About Patrick: LinkedIn | Substack

Connect with Sociaaal : Webpage | LinkedIn | Substack

About Rocketship HQ : Website | LinkedIn | Newsletter | Youtube | Podcast Website

FULL TRANSCRIPT BELOW

Shamanth:  Quick note β€” some of you heard me shut down the Mobile UA show rather publicly a few months ago in order to launch Intelligent Artifice as something new, a new podcast. Turns out those should not have been two different things. I was trying to pivot and I should have been trying to evolve, so I’m back.

This is the Mobile UA Show. It’s reopened. Intelligent Artifice is our deep dive series on AI and mobile. Same me, same depth, one single feed.

Welcome and welcome back to the Mobile UA Show. Today’s episode is part of our series Intelligent Artifice, a deep dive on how AI is transforming performance marketing. Since 2018, with over 250+ episodes, we’ve been deconstructing how the best performance marketers actually win. Every week I sit down with the operator shaping it, or we tear apart the ad systems behind the highest-performing advertisers in the world. I’m Shamanth Rao, founder of RocketShip HQ. Let’s get into it.

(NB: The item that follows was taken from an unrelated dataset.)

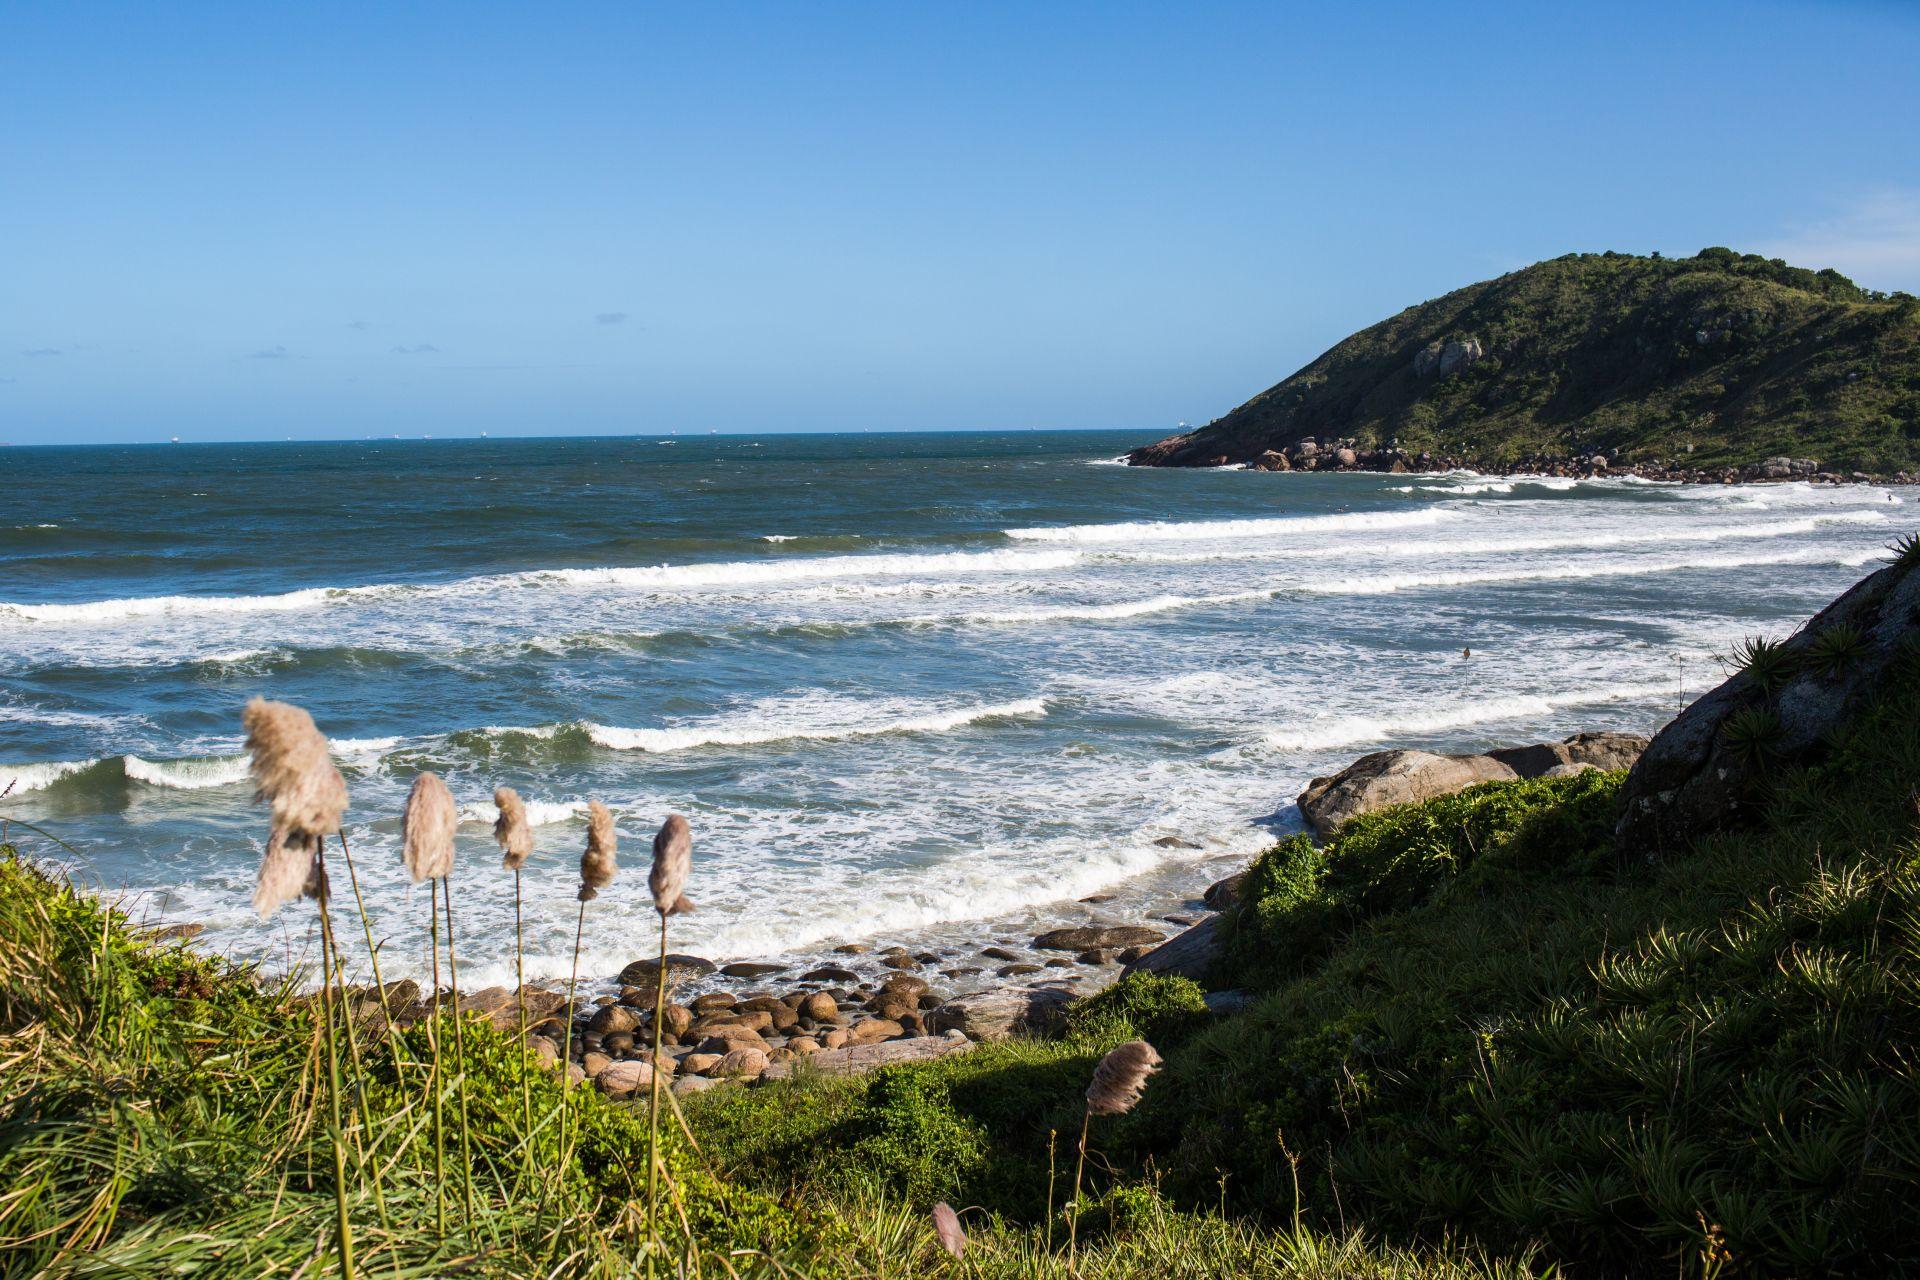 Conheça 8 praias da Ilha do Mel (Foto: Brunno Covello / Gazeta do Povo)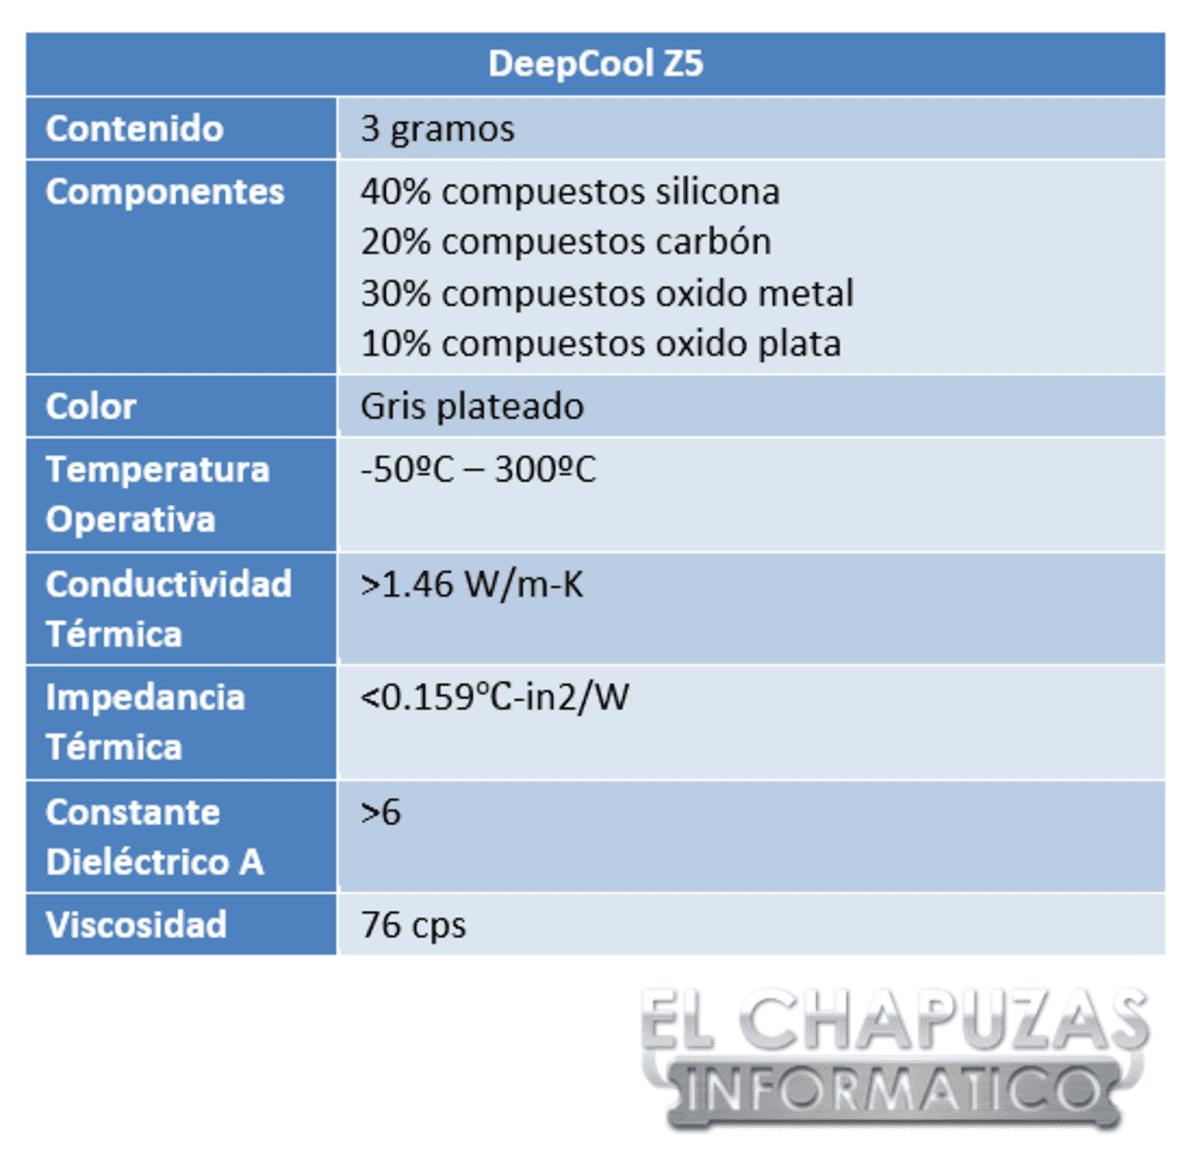 lchapuzasinformatico.com wp content uploads 2013 04 DeepCool Z5 Especificaciones 1

Our guest today is Patrick Stuart-Constant, the CEO of Sociaaal, which is an AI operator for apps. Sociaaal buys apps, and through frontier data and generative AI, helps make them into great businesses. Under his leadership, Sociaaal has grown to a $13M run rate, achieved profitability, and scaled multiple apps through a lean model powered by frontier technology. I’m excited to speak with Patrick because I’ve known him for a very long time, and he and his team at Sociaaal have been at the forefront of adopting AI way before it was cool. They’ve tested massive volumes, iterated aggressively, and adopted frontier models well before they became mainstream. In today’s interview, I’m excited to dive into his perspectives on how generative AI has completely transformed growth marketing and apps.

I’m excited to welcome Patrick Stuart-Constant to Intelligent Artifice. Patrick, welcome to the show.

Patrick:  Lovely to be here.

Shamanth:  Excited to have you, Patrick. I’ve admired a lot of your work for a very long time. Among other reasons for this is the fact that you guys were really adopting AI and automation way before it was cool β€” way before it was easy, even. We’ll talk about a lot of your journey and your learnings as we go ahead, but let’s start at the beginning. What was your creative operation like when you guys really started doubling down on AI and automation, and what was the inspiration for starting to integrate AI so early, given that AI wasn’t nearly as easy or as advanced as it is today?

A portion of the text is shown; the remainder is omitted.